What will EVs do to car dealerships? The coming years will force car dealerships to rethink their business models. EVs simply don’t require as much maintenance as their gas-powered counterparts, depriving dealers of a lucrative business to justify their sprawling lots and big staffs. The new normal may look like Polestar, the all-EV Chinese / Swedish car brand that mostly relies on customers shopping online. Even ahead of the EV revolution, many automakers are already shifting to a greater emphasis on shop-click-drive.

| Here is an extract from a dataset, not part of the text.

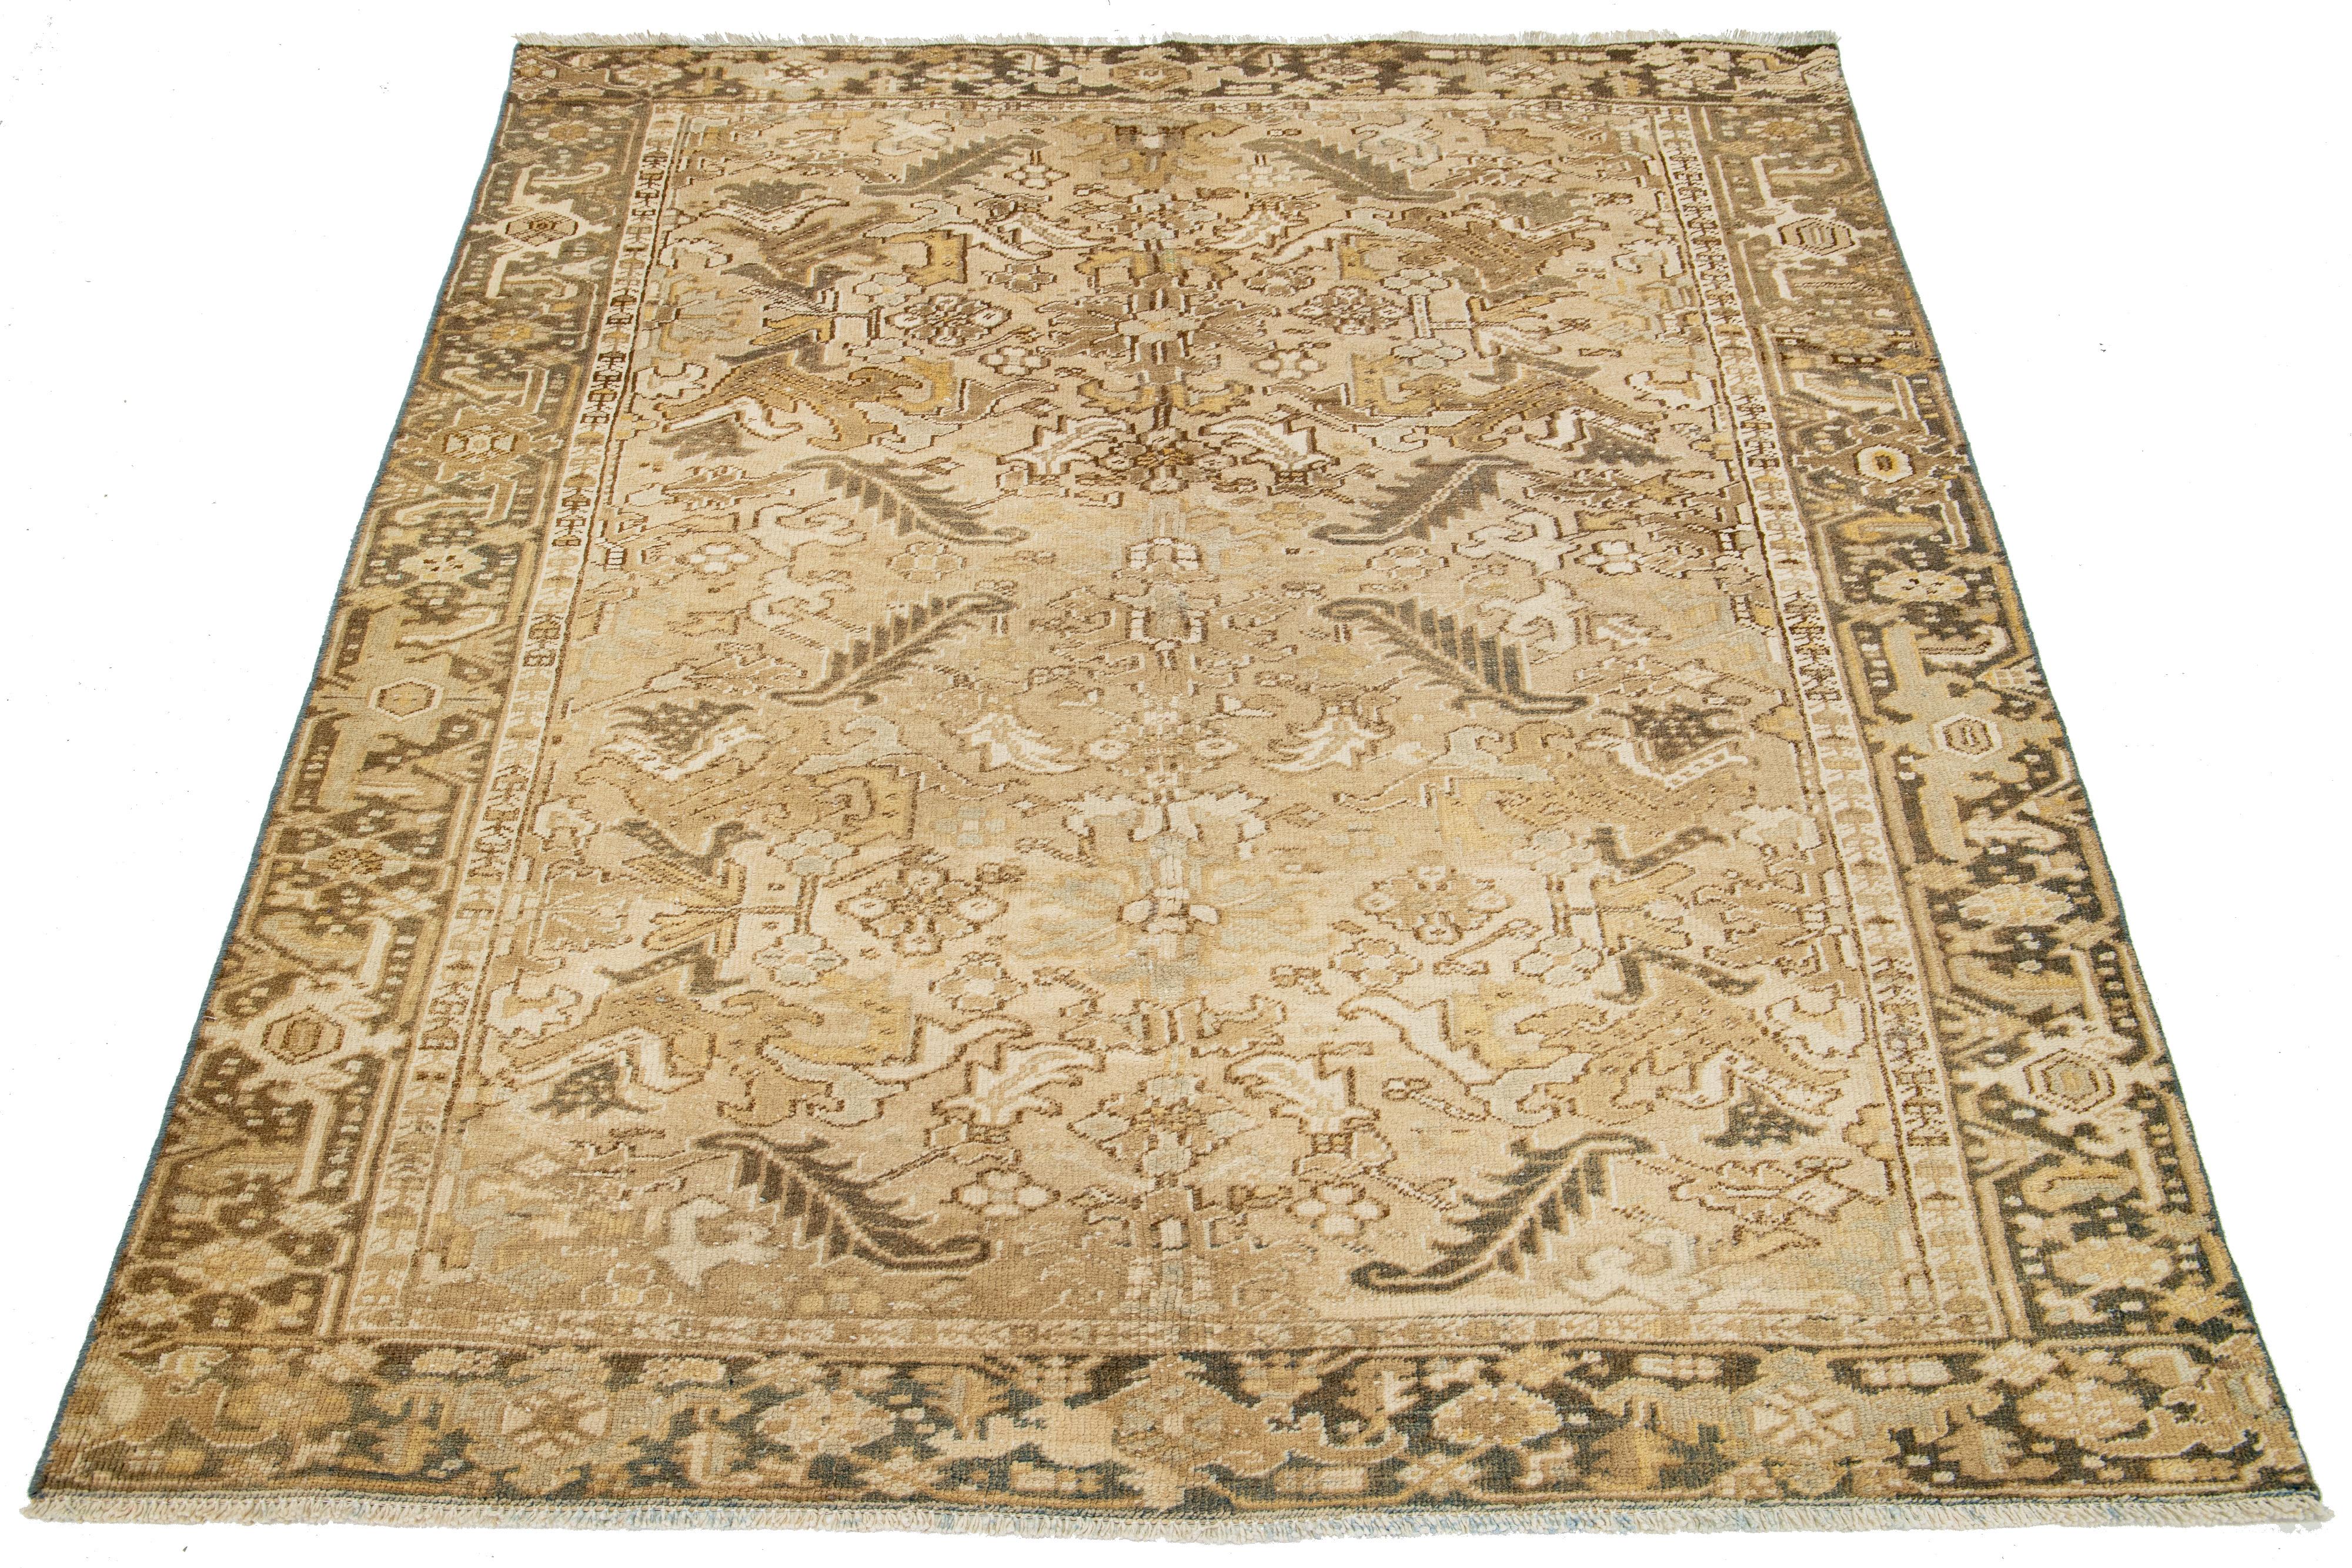 Ein antiker Heriz-Teppich aus Persien wird aus Wolle handgeknüpft. Es hat ein beiges Feld mit einem blauen und braunen Allover-Muster.

Dieser Teppich misst 6'4' x 7'10

Canoo’s new pickup: Los Angeles-based EV startup Canoo’s stock shoots up 14% Thursday after the company unveils an electric truck whose unique build is drawing comparisons to 50s era pick-ups. The truck, whose 200-mile range falls well behind that of the Hummer EV (350 miles) and the Tesla Cybertruck (250 miles), is not expected to come to market until 2023. Add in Rivian’s forthcoming EV pickups to that list, and it looks like the market is serious about work-ready electric vehicles.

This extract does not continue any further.